Another big issue is model size. Most recent vision–language–action (VLA) models are in the 3–7B parameter range. That’s reasonable for big labs, but it’s a lot for the broader community. Training such models usually requires multiple GPUs, distributed setups, and a lot of engineering effort. They are also slow and expensive to run, which makes local inference and real-robot experiments much harder.

This project started with a simple goal:

When we found the VLA-0 paper, we loved it. It showed that you can get strong robotic performance with only small changes to a standard vision–language model.
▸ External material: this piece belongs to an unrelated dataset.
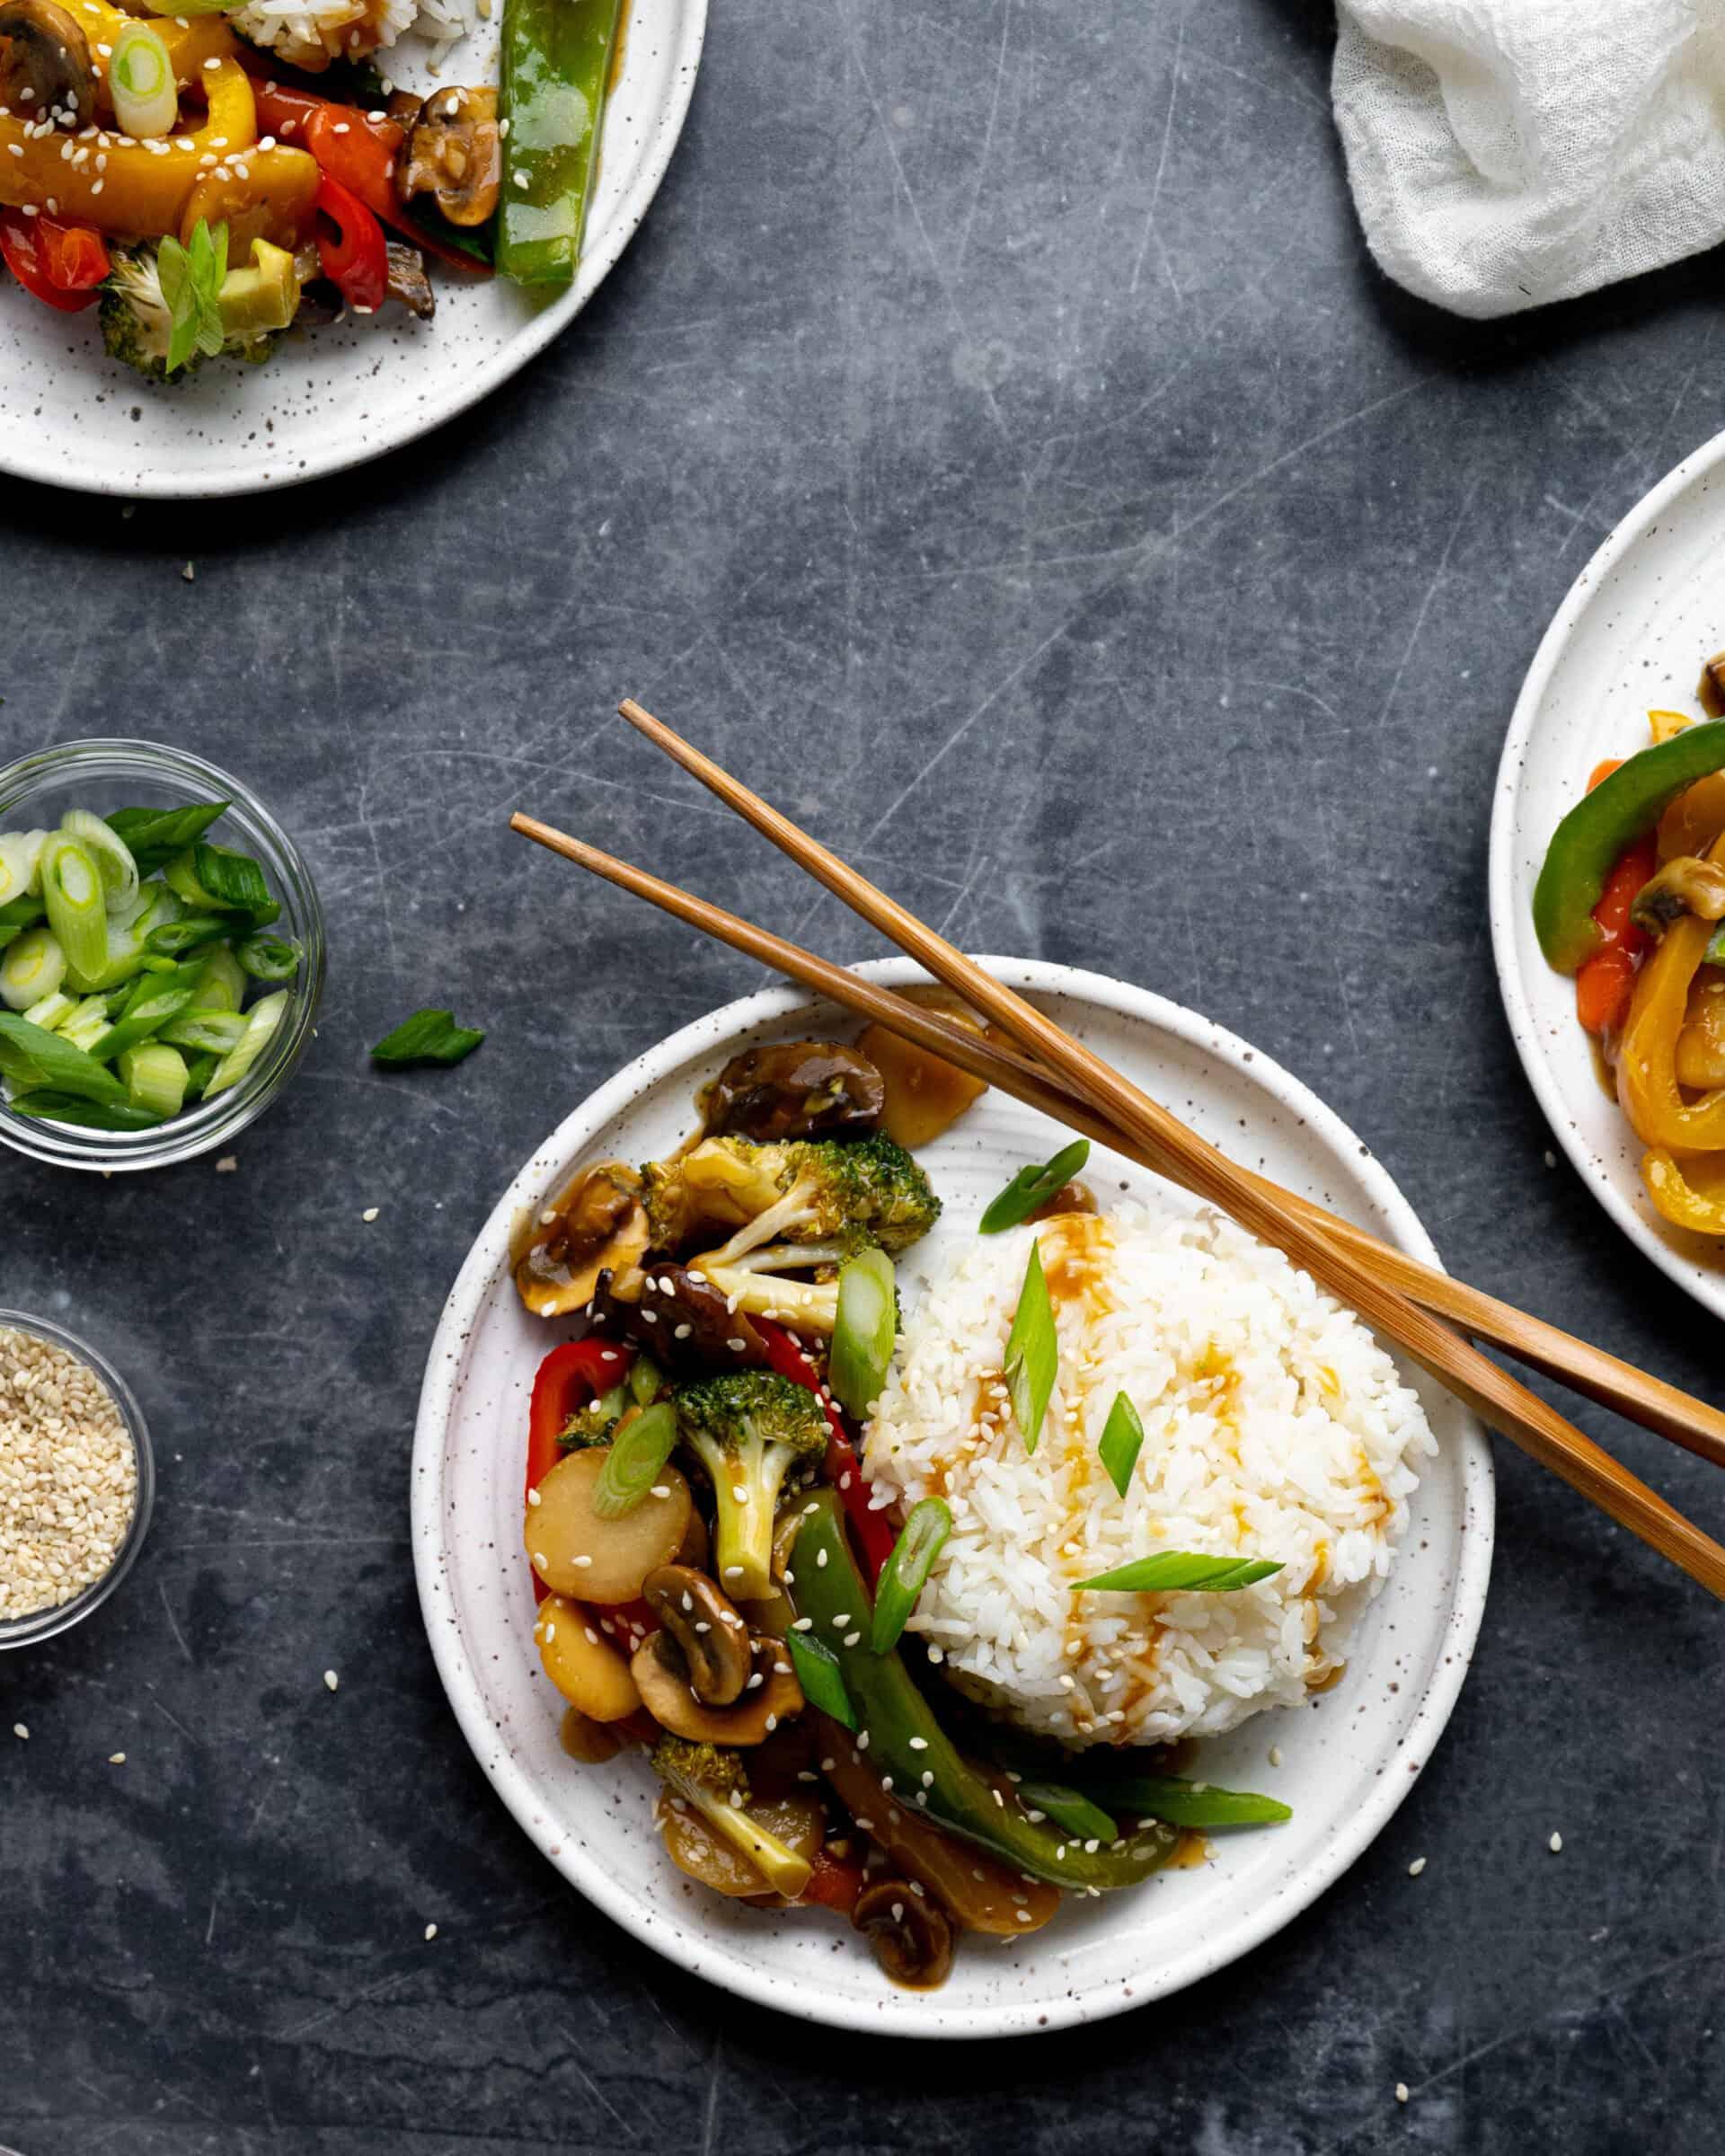 A veggie stir fry on plates

At the same time, it was also a perfect example of the problem we mentioned above: the idea is simple, the paper is well written, but it assumes you already know how to work with VLMs in practice. It is not always clear what really matters, what can be changed, and what can be ignored.

So we decided to integrate VLA-0 into the LeRobot framework. Our requirement to keep the model under 1B parameters left us with an almost unchallenged choice: SmolVLM2-500M. In that sense, we are following in the steps of the SmolVLA work, but with a different set of design choices.

Our first milestone was LIBERO, the most common benchmark for VLA models and the same benchmark used by the VLA-0 authors. In this post, we describe our path to that milestone: the design choices we made, the ablations we ran, and what we learned from them.

Our final model reaches performance close to much larger systems (π_0.5, OpenVLA-OFT) even though it is about six times smaller. We are happy and a bit proud of that. But there is always a “but”.

We are aware that LIBERO has limitations. It does not always test true generalization, and it uses much more data than the low-data scenarios we ultimately care about. So we do not see this as the end goal. We see it as a first step: a validated, lightweight starting point that we can now use to explore smaller datasets and real-world robots.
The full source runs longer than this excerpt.